##### AVAILABLE RECORDS

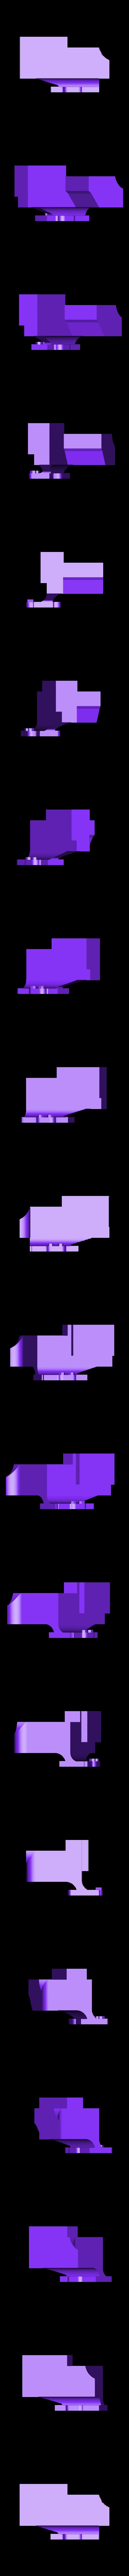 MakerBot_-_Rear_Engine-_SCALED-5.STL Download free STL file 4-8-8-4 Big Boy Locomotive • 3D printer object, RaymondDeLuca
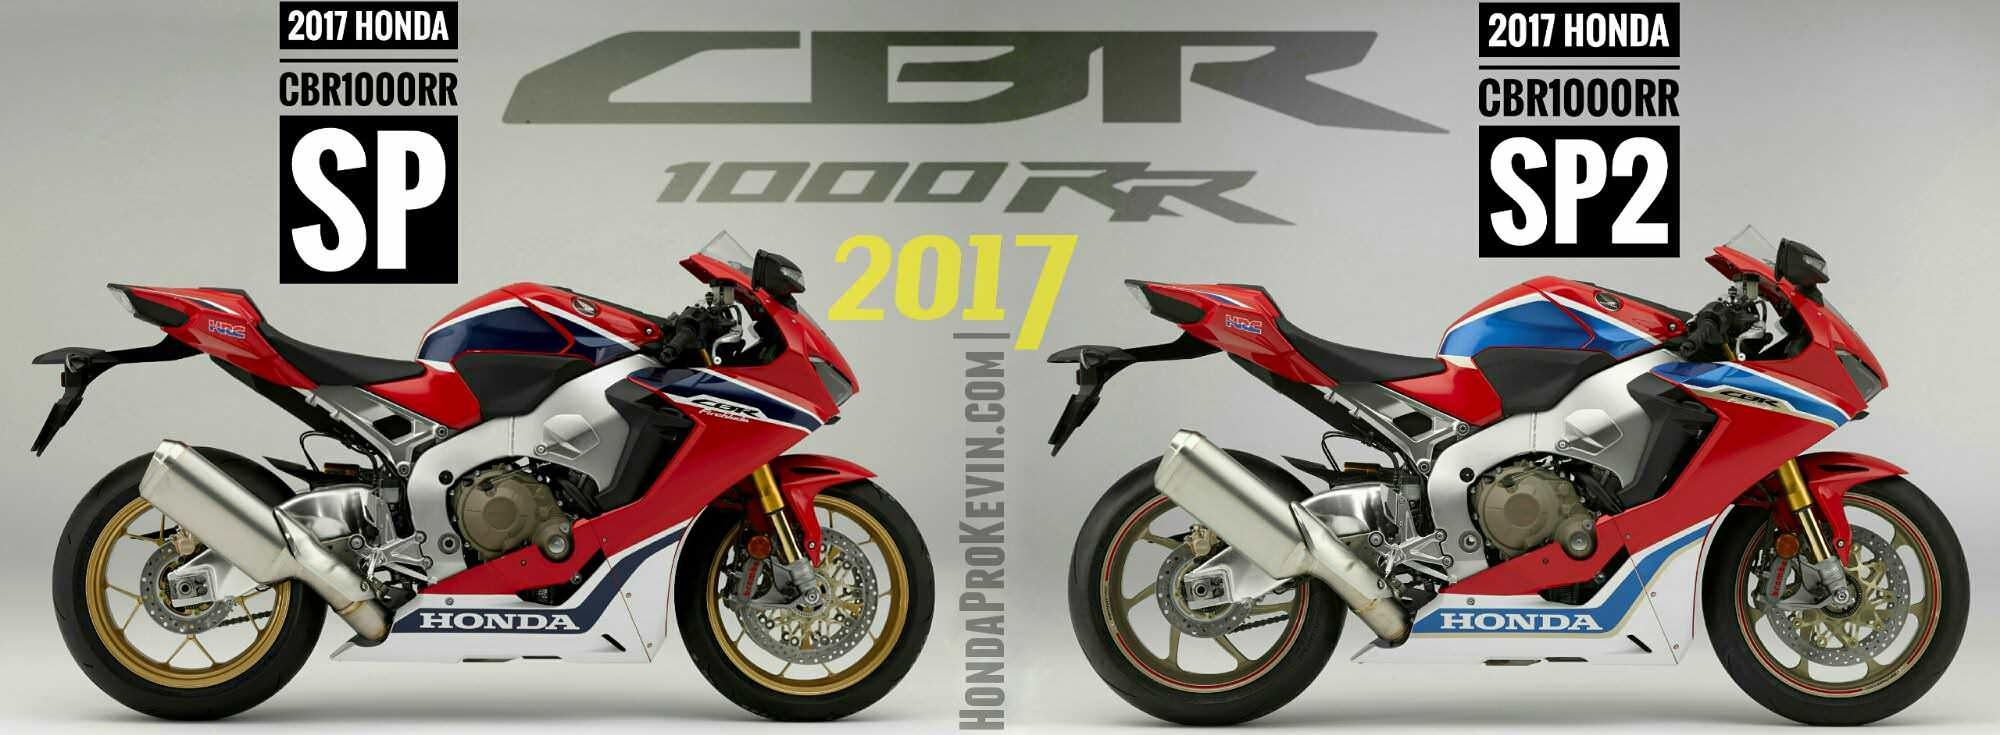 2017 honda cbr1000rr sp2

##########
##### AVAILABLE RECORDS

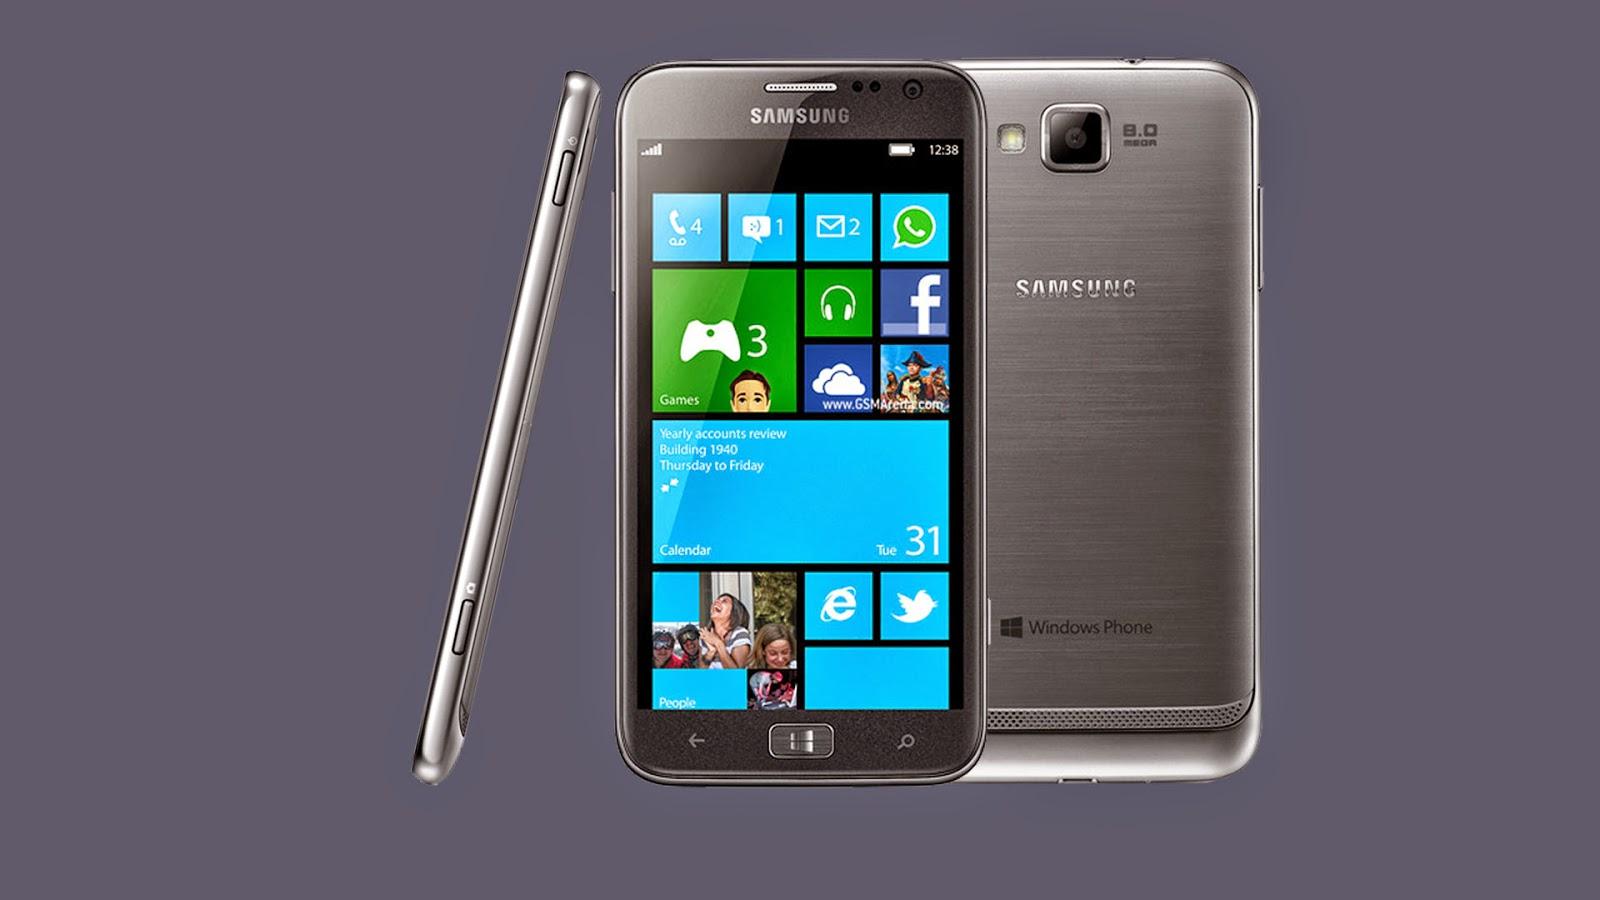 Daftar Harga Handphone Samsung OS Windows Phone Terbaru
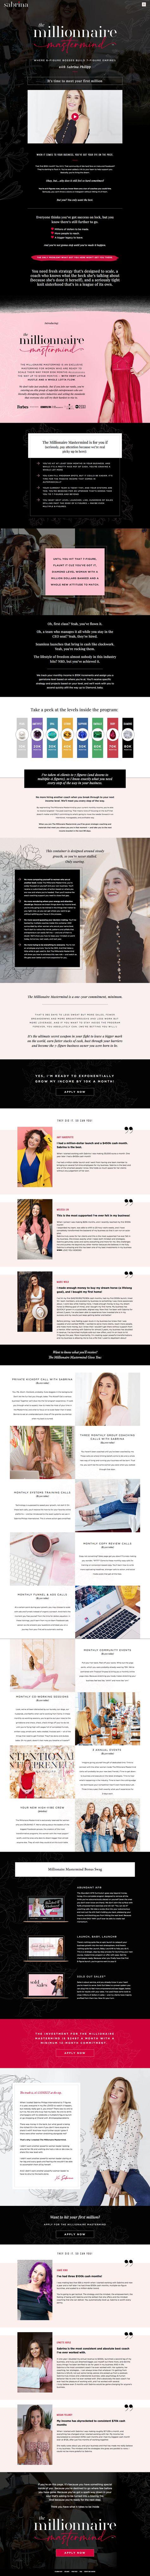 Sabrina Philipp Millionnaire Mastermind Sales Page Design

##########

• _WORK INSTRUCTION_
"MakerBot_-_Rear_Engine-_SCALED-5.STL Download free" marks the first line to copy, and "2017 honda cbr1000rr sp2" marks the last. Repeat that stretch above exactly, with no pictures.

• _RESULT_
 MakerBot_-_Rear_Engine-_SCALED-5.STL Download free STL file 4-8-8-4 Big Boy Locomotive • 3D printer object, RaymondDeLuca
 2017 honda cbr1000rr sp2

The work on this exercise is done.